Выбрать главу

Сколько пагубных случайностей должно было произойти, чтобы возникло это позорное событие! Казалось бы, все сначала шло мне на пользу. Меня посадили за парту с Наташей Александровой, той самой Наташей, из-за которой старшеклассники на переменках слонялись у наших дверей.

Наши учебники лежали тоже рядом, а потому руки иногда соприкасались. То же происходило, когда мы макали ручки в чернильницу посередине. Иногда мы глядели друг на друга. Например, когда передавали промокашку. То, что я поглядывал на нее, в этом не было ничего удивительного. Но вот почему она иногда бросала на меня взгляд, в этом таилось нечто странное. Какого бы ни был я о себе лестного мнения, однако вполне сознавал, что не заслуживал столь частых, а главное, долгих ее взглядов.

Итак, я сидел с Наташей Александровой, и в те годы это было максимум, о чем я смел мечтать. Физическая сторона отношений тогда для меня не существовала. А когда я узнал о ней позже (со слов сверстников), то она показалась мне тягостной. Я никак не мог понять, зачем люди решаются на этакое. И по зрелом размышлении пришел к выводу, что никогда не снизойду до такой нелепой условности, а ограничу свою любовь только взглядами и пожатием рук.

Увы, это оказалось одним из тех решений, которые мы с твердостью принимаем, когда нам ничего не стоит их выполнить. И нарушаем при первой же потребности. Кроме того, я тогда еще не понимал, что волнение, которое чувствовал, прикоснувшись к руке Наташи, уже на пути к греховной стороне любви.

Но вернемся к тому, что, сидя рядом с Наташей, я иногда усиленно елозил, а потому умудрился зацепиться штанами за гвоздь на краю сиденья. А тут вдруг учительница задала вопрос, на который я, зная на этот раз ответ, вызвался отвечать у доски. Однако не успел я начать смело постукивать мелом, как услышал легкое оживление в классе, которое учительница даже попыталась пресечь.

И лишь повернувшись ко всем лицом, я заметил, что мужская половина откровенно давится от смеха, а женская якобы стыдливо прячет глаза. Однако и тут я ничего не понял, тем более, что учительница, сидевшая боком, меня похвалила и предложила сесть на место. И только ощутив неожиданный холод в известном месте, я оценил свой позор.

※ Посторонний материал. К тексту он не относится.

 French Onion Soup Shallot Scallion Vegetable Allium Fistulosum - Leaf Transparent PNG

Скажу прямо, мне даже сейчас тягостно это вспоминать.

Я сидел за партой, но это уже был не я, а лишь мое тело. То самое, что, наверное, бесстыдно сверкало, когда я вертелся у доски. Что до моей души, то она неизвестно где в это время пребывала. Изредка до меня доходило, что радом сидит Наташа, и я даже боялся повернуть к ней голову. А мысль моя вертелась вокруг одной проблемы: как я пойду домой?

И тут вдруг я заметил на черной поверхности парты английскую булавку. Я понял — это спасение. Но это также означало, что рухнула надежда, будто она свершившегося не заметила.

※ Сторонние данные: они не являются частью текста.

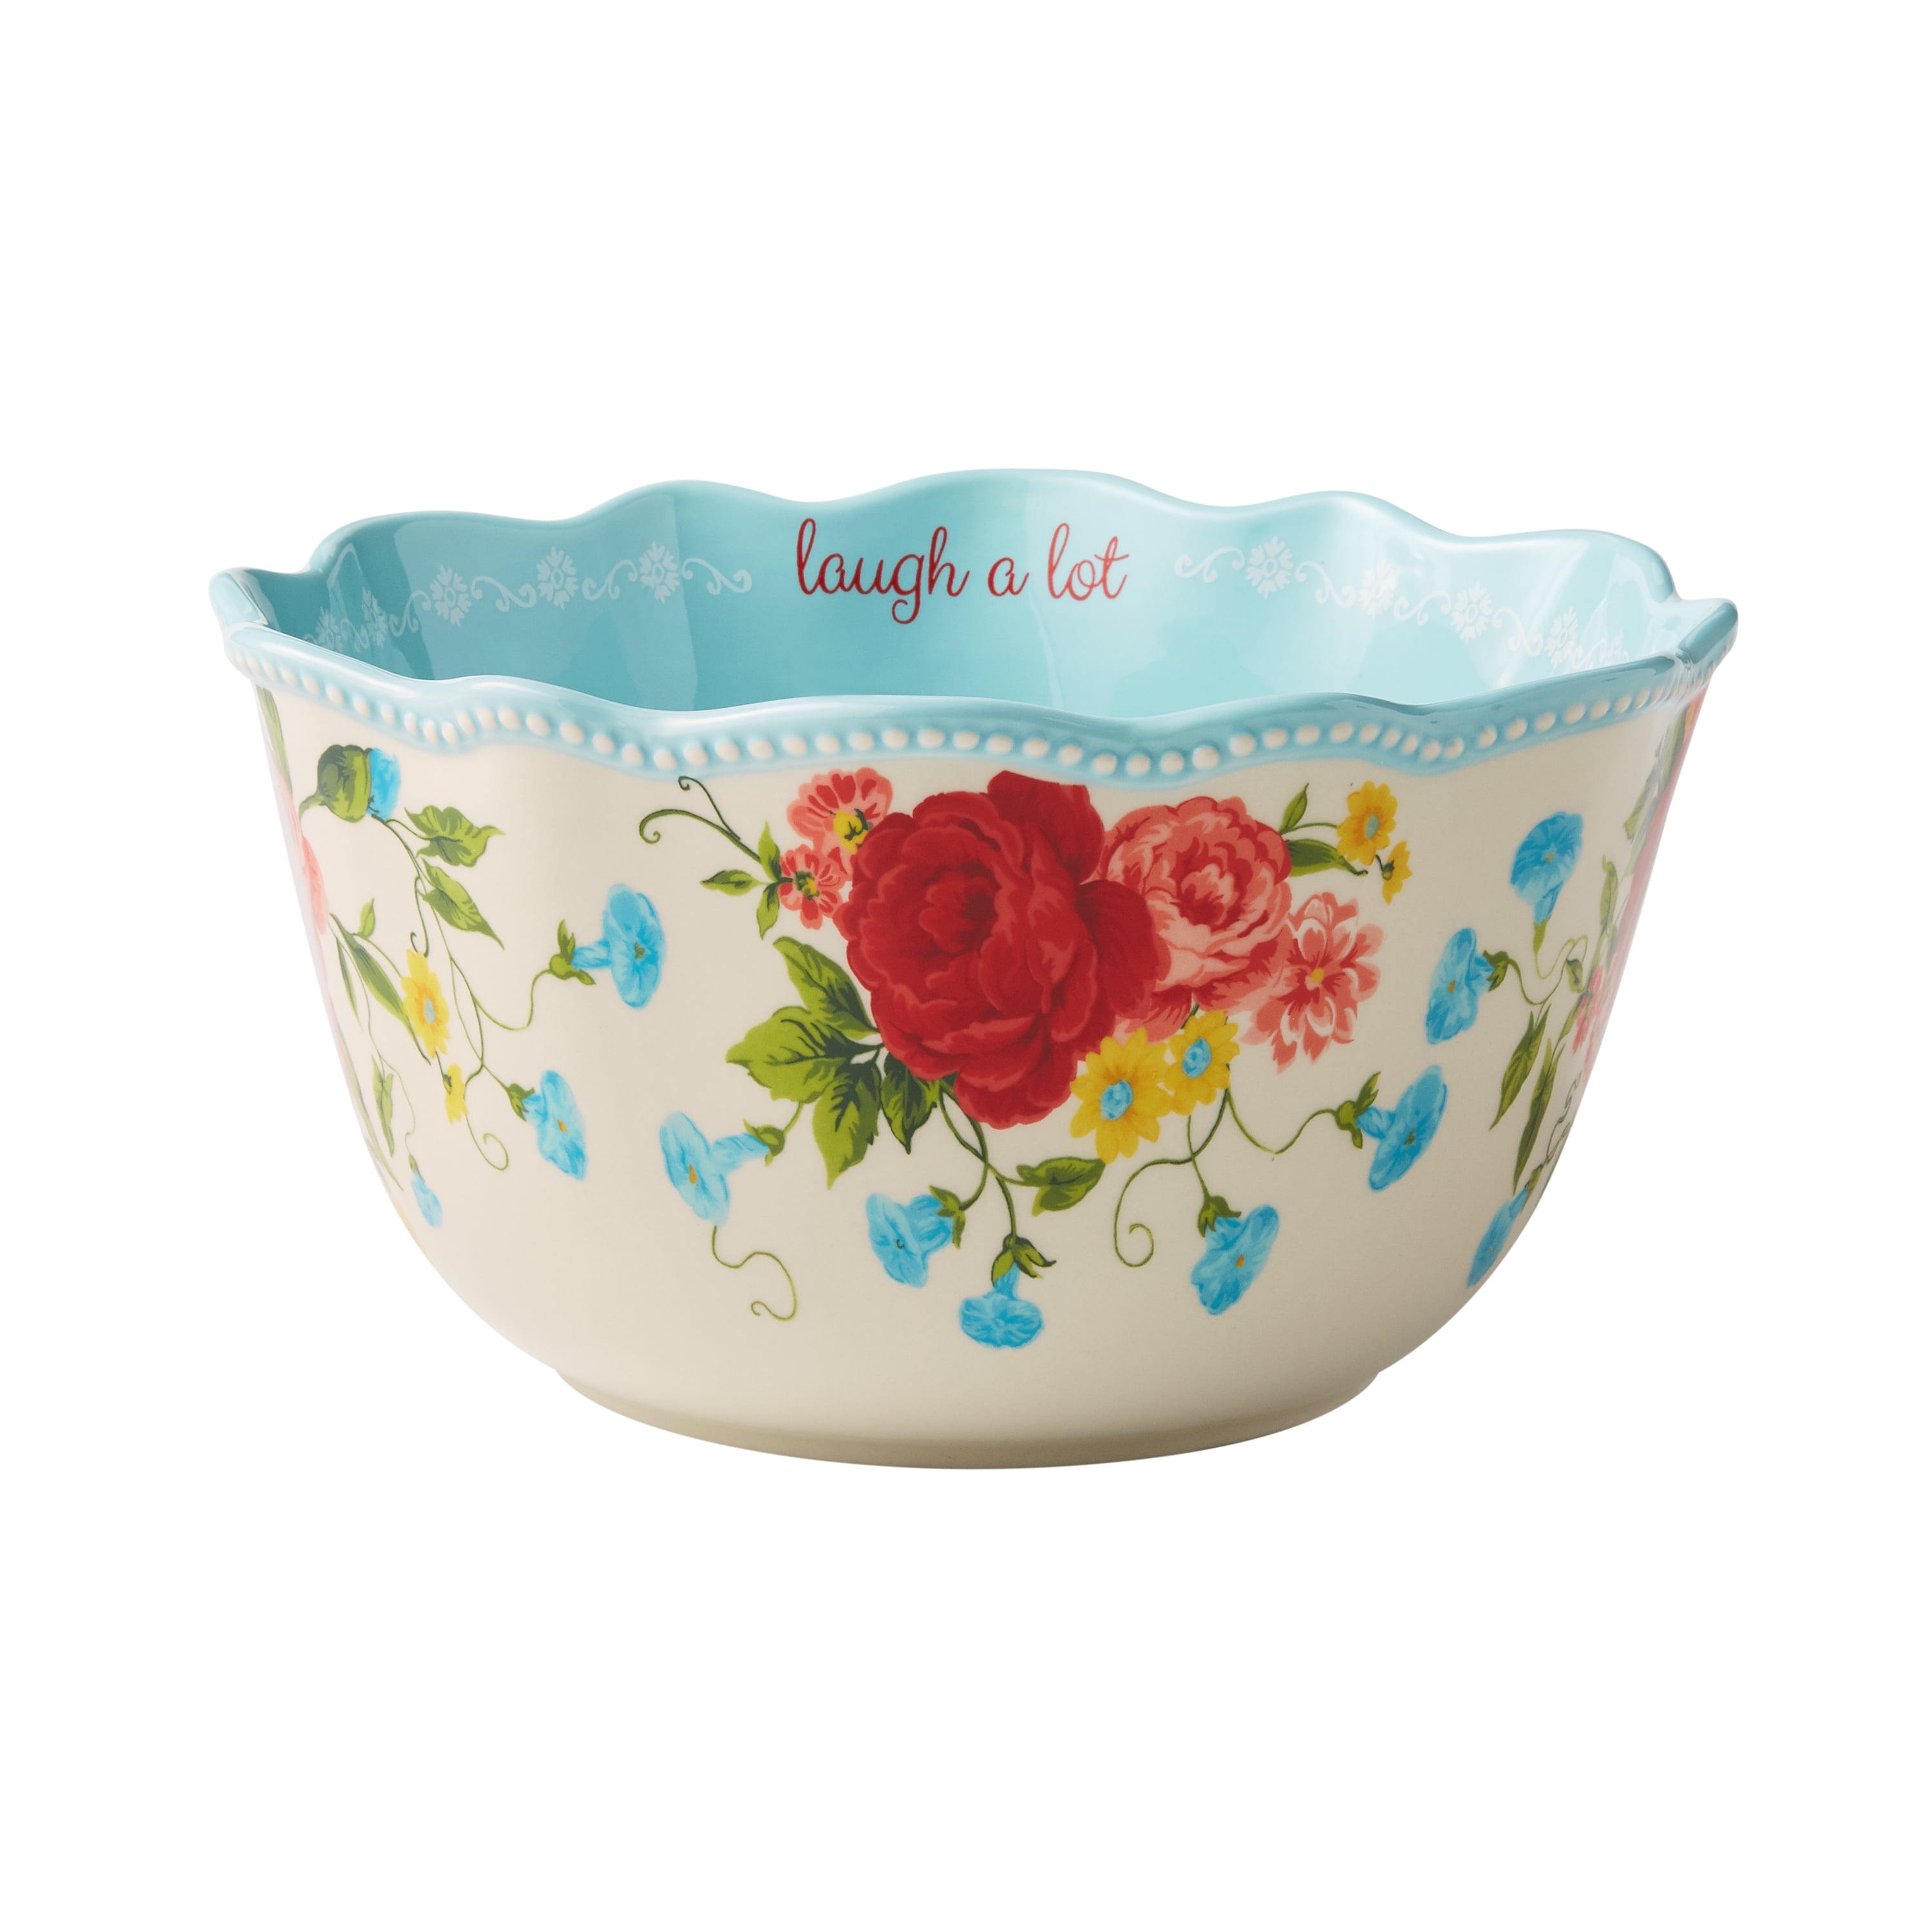 The Pioneer Woman Vintage Floral 3-Piece Serving Bowl Set - Zars Buy

He глядя ни на кого, я взял булавку и, чуть приподнявшись, постарался незаметно, не вонзая ее в себя, ликвидировать прореху.

Не помню, как дошел до дома, но там все были так поражены моим пришибленным видом, что даже мама, зашивая штаны, не сделала ни одного замечания.

Тихо и скорбно я отошел ко сну, еще долго ворочаясь и заново переживая свое пребывание у доски. В ту ночь я понял, что отныне уже не буду никогда знать, что такое спокойный сон и безмятежная жизнь. Однако утром почему-то почувствовал, что жизнь не только продолжается, но даже не потеряла своей прелести.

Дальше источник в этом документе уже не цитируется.